Kazakhstan Deposit Insurance Fund
- Type: Joint Stock Company
- Founded: 1999
- Headquarters: 136 Dostyk Avenue, "Pioneer-3" Business Center, 8 floor, Almaty 050051, Republic of Kazakhstan
- Key people: Baimagambetov A.M. (Chairman, since May 2019)
- Services: Deposit Insurance
- Parent: National Bank of the Republic of Kazakhstan
- Website: www.kdif.kz

= Kazakhstan Deposit Insurance Fund =

The Kazakhstan Deposit Insurance Fund (KDIF; Қазақстанның депозиттерге кепілдік беру қоры) is a non-profit organization that guarantees deposits of individuals (including individual entrepreneurs) and placed with second-tier banks of the Republic of Kazakhstan.
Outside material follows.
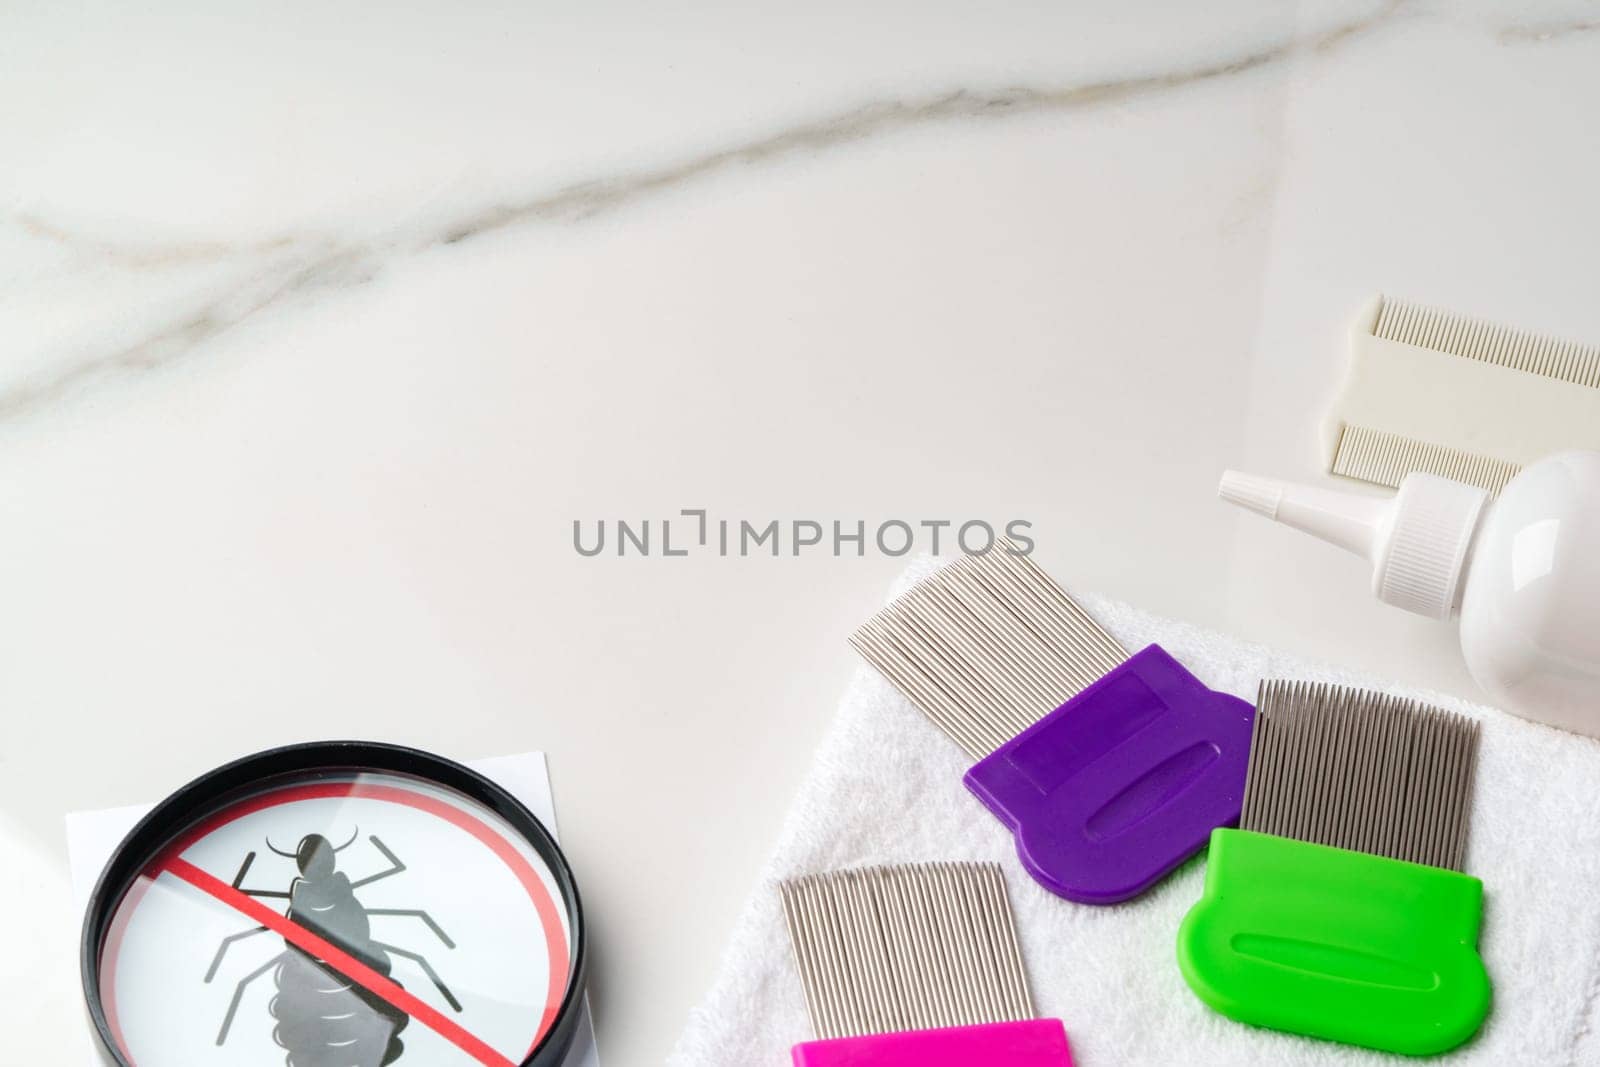 Comb, anti lice medicine and towel on white background by Fabrikasimf

The basic objective of the mandatory deposit insurance system is to maintain stability of the financial system in the Republic of Kazakhstan, including strengthening public confidence in the Kazakhstani banking system via reimbursing depositors in the event of a deposit insurance system member bank failure.

The governing laws and regulations are laws of the Republic of Kazakhstan “On banks and banking activity” (1995) and Law of the Republic of Kazakhstan “On mandatory insurance of deposits placed with the second-tier banks of the Republic of Kazakhstan” (2006).

KDIF was established in 1999. The Sole Shareholder and the founding organization of the KDIF is National Bank of the Republic of Kazakhstan.

== Deposit Insurance System ==
In accordance with the Deposit Insurance Law of 2006, the deposit insurance system has the following features:

-	Compulsory membership for banks that hold licenses for cash transactions and opening and maintenance of bank accounts of individuals,

-	Transparency,

-	Mitigation of risks associated with operations,

-	Accumulative basis of generation of the special reserve fund for payouts.

== Mission, Mandate and Powers ==
Mission of KDIF is to maintain public confidence in Kazakhstani financial system and its stability as one of the financial safety net organizations by insuring deposits of individuals and encouraging member banks to conduct their operations with prudence and responsibility.

The strategic objectives are:
-	Sound corporate governance
-	Operational preparedness for bank failures
-	Enhanced public awareness of the National deposit insurance system
-	Continuing professional development opportunities for staff.
The key functions of the Fund are:
-	to reimburse depositors in the event of forced liquidation of a member bank,
-	to maintain and publish a to-date register of member banks,
-	investment management,
-	to accumulate special reserve for payouts,
-	to select the agent bank for payouts,
-	to act as a party of temporary administration of a bank in conservatorship or in period of withdrawal of the licenses for banking operations,
-	to act as a party of the liquidation commission and the creditor committee as long as the claim of the Fund has been unsettled, and other civil functions.

== Scope of Coverage and Maximum Coverage Limit ==
In Kazakhstan, membership in deposit insurance system is compulsory for those banks which hold license for cash transactions and opening and maintenance of bank accounts of individuals, except for Islamic banks;. As of August 2019, 26 out of total 28 banks are members of deposit insurance system.

The scope of coverage are bank accounts of individuals and individual entrepreneurs of all types with resident banks in the Republic of Kazakhstan in any currency.
On the per-depositor-per-bank basis, the maximum deposit coverage limit for all deposits and bank accounts of individuals shall amount to:

savings deposits in the national currency: 15 million tenge,
other deposits in the national currency: 10 million tenge,
deposits in any foreign currency: 5 million tenge (in equivalent, at the currency exchange rate established as of the date of the enactment of the court's decision on the member-bank's forced liquidation).
Should a depositor have 2 or more deposits allocated with one and the same bank in both national and in foreign currency, this depositor shall be reimbursed in the total amount up to 15 million tenge.

== The Reimbursement Cases ==
As of August 2019, there have been 7 cases of bank failures and reimbursing depositors in Kazakhstan. Payouts to depositors of the banks has amounted to approximately 76 billion Kazakhstan tenge.

== International cooperation ==
KDIF has maintained membership in the International Association of Deposit Insurers since 2003.